__What this task involves__.
Pictures stay out of the answer, but every line of the material must be restated exactly.

__Stored data__.
--------------------------------------------------
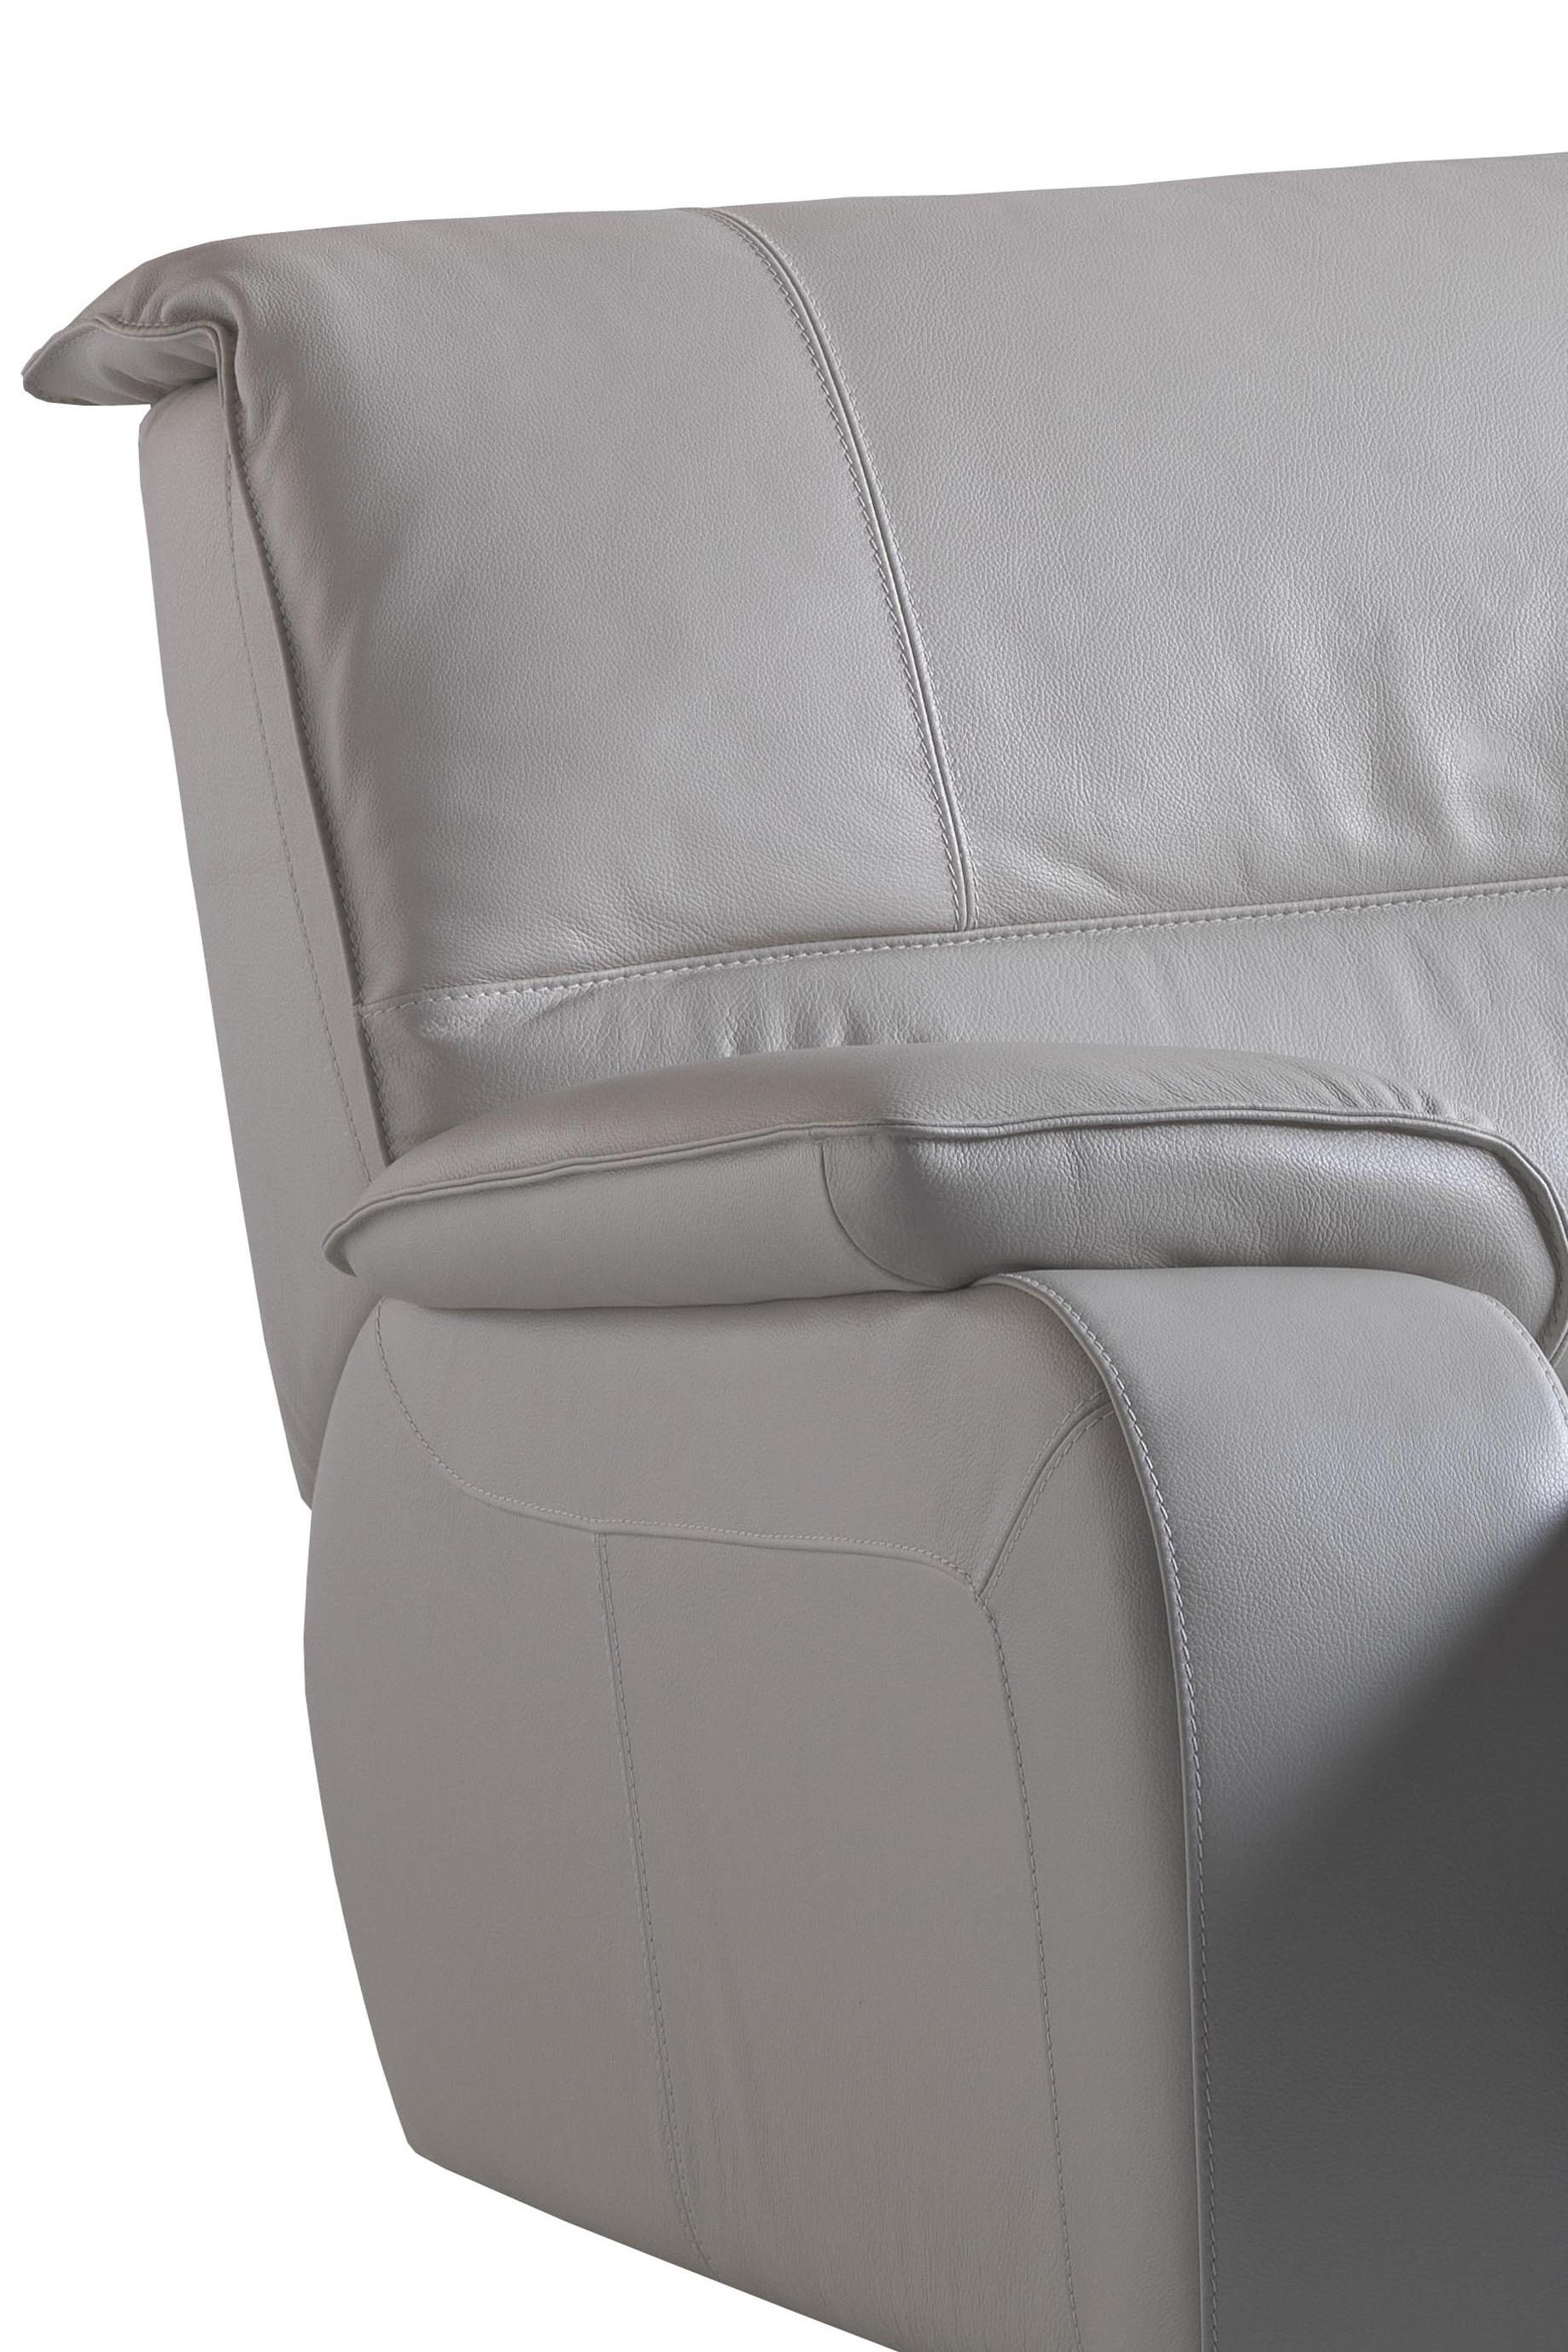 Chateau D Ax C65E Contemporary 2 Seat Reclining Sofa
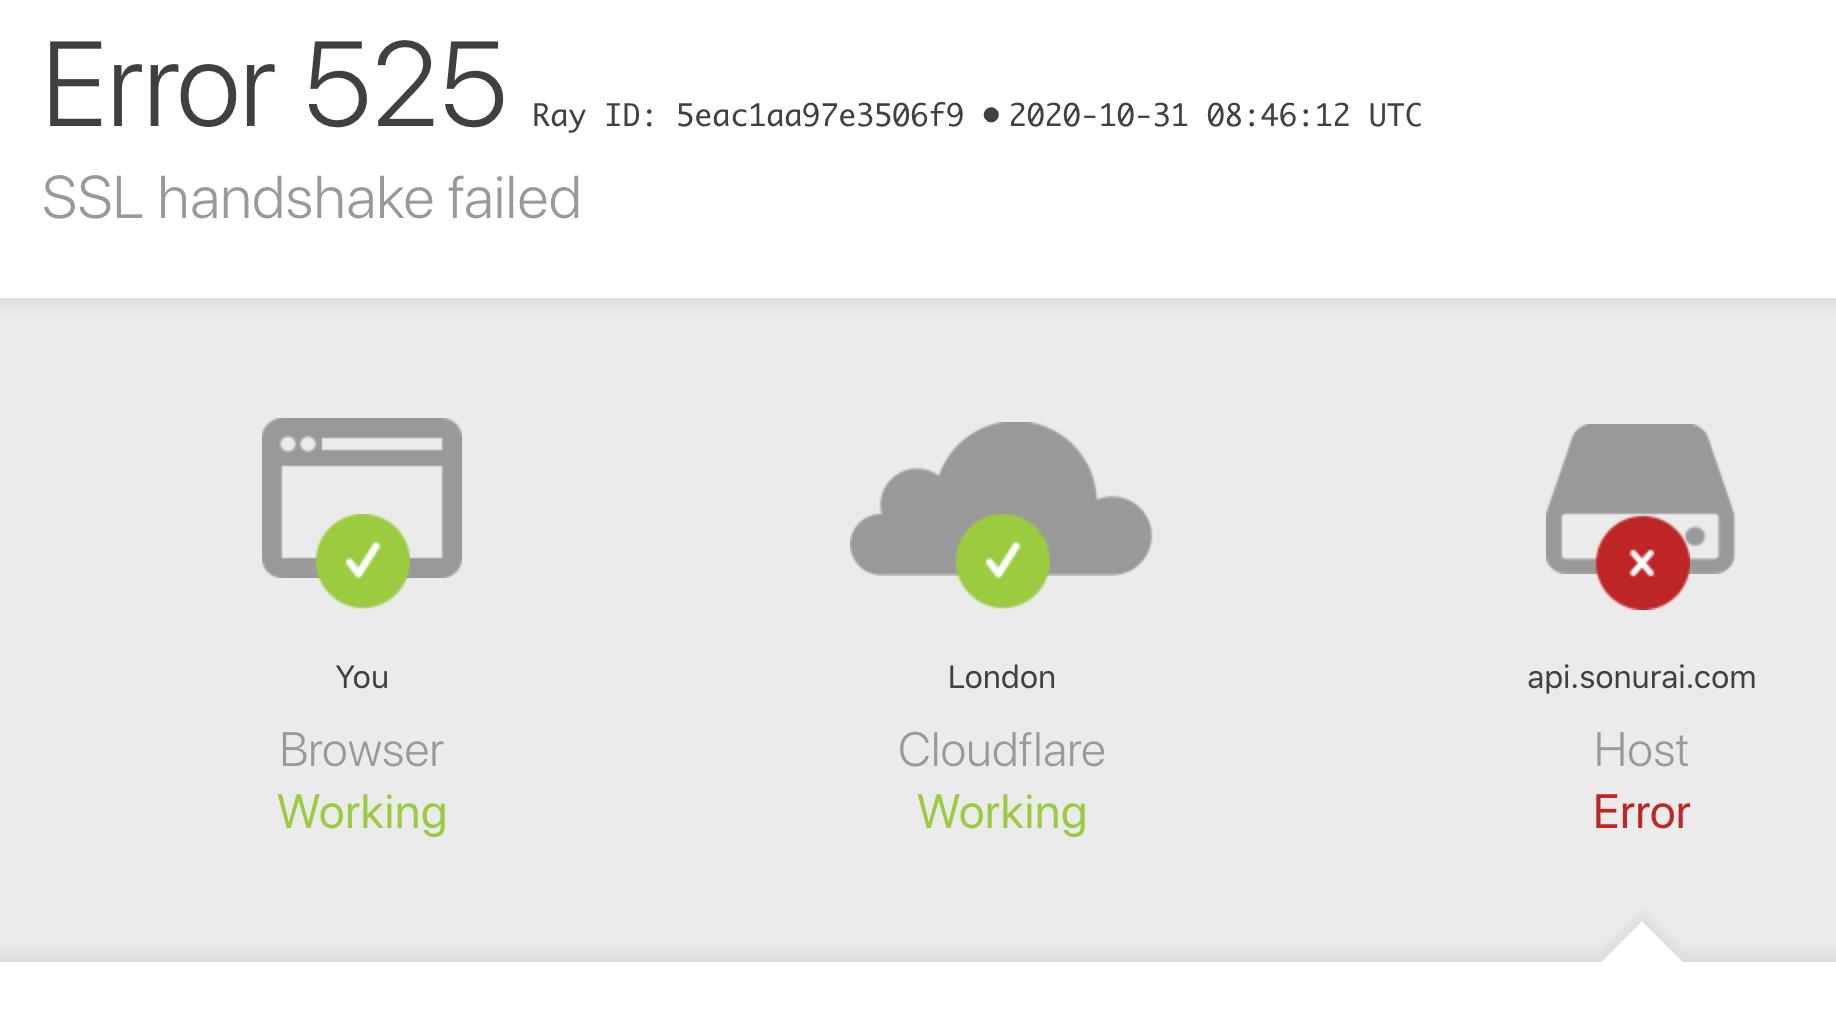 Error 525 - SSL handshake failed
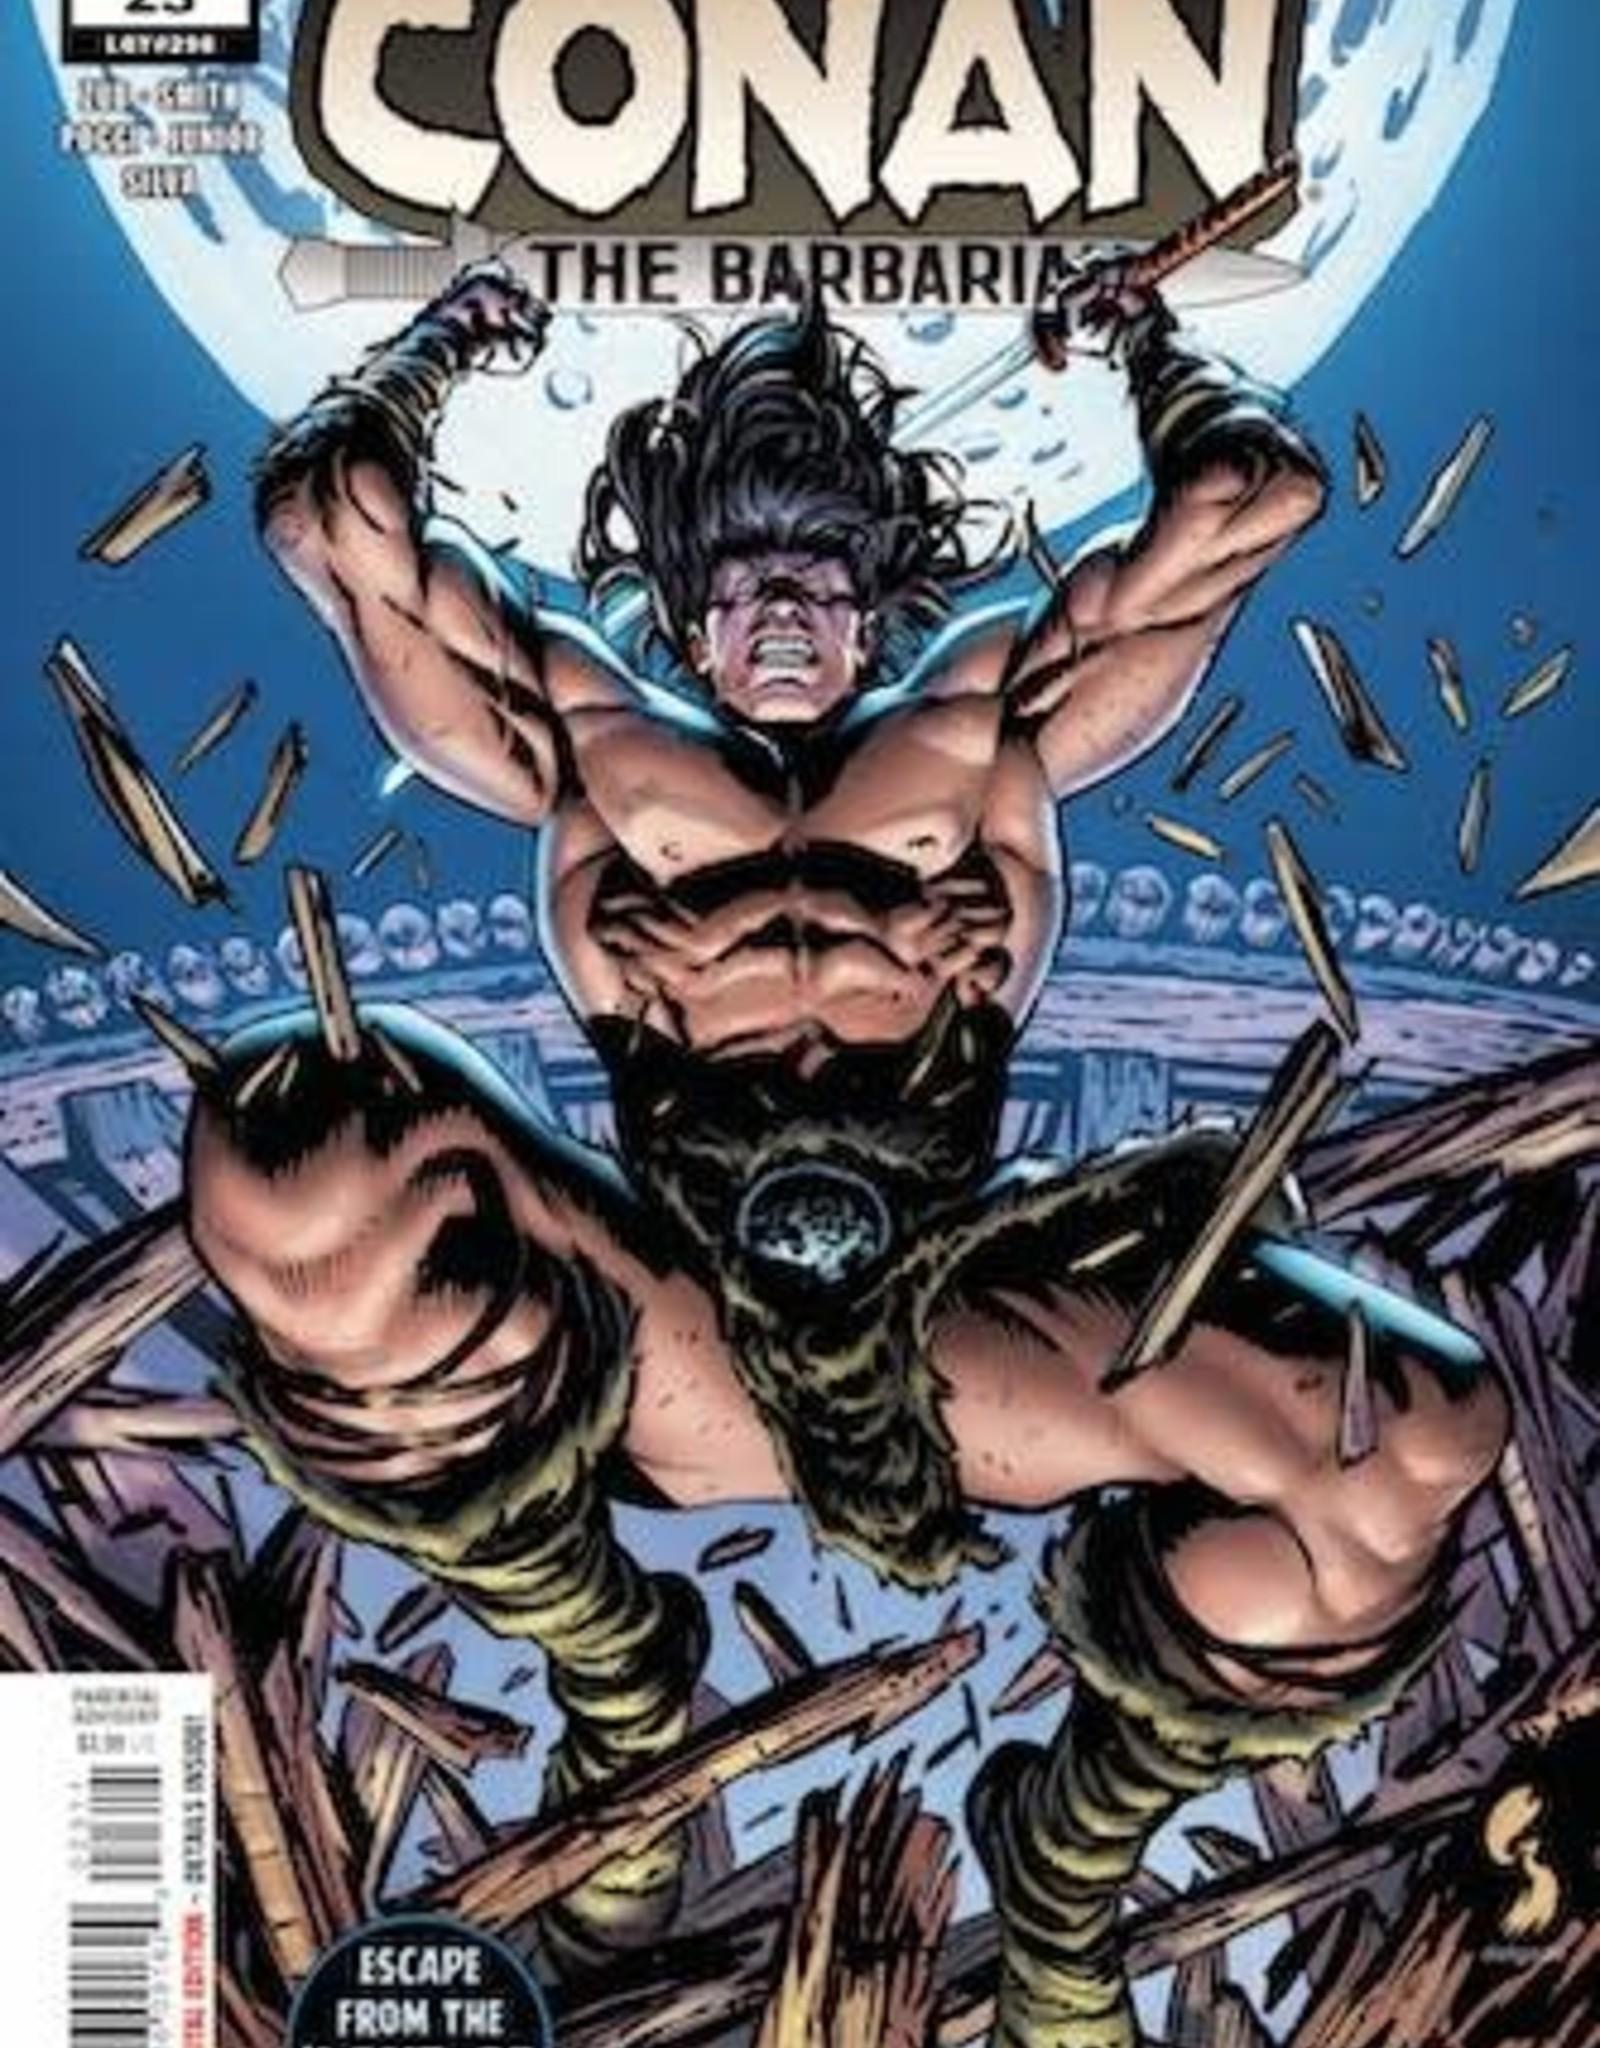 Marvel Comics Conan The Barbarian #23
--------------------------------------------------
__The answer__.
 Chateau D Ax C65E Contemporary 2 Seat Reclining Sofa
 Error 525 - SSL handshake failed
 Marvel Comics Conan The Barbarian #23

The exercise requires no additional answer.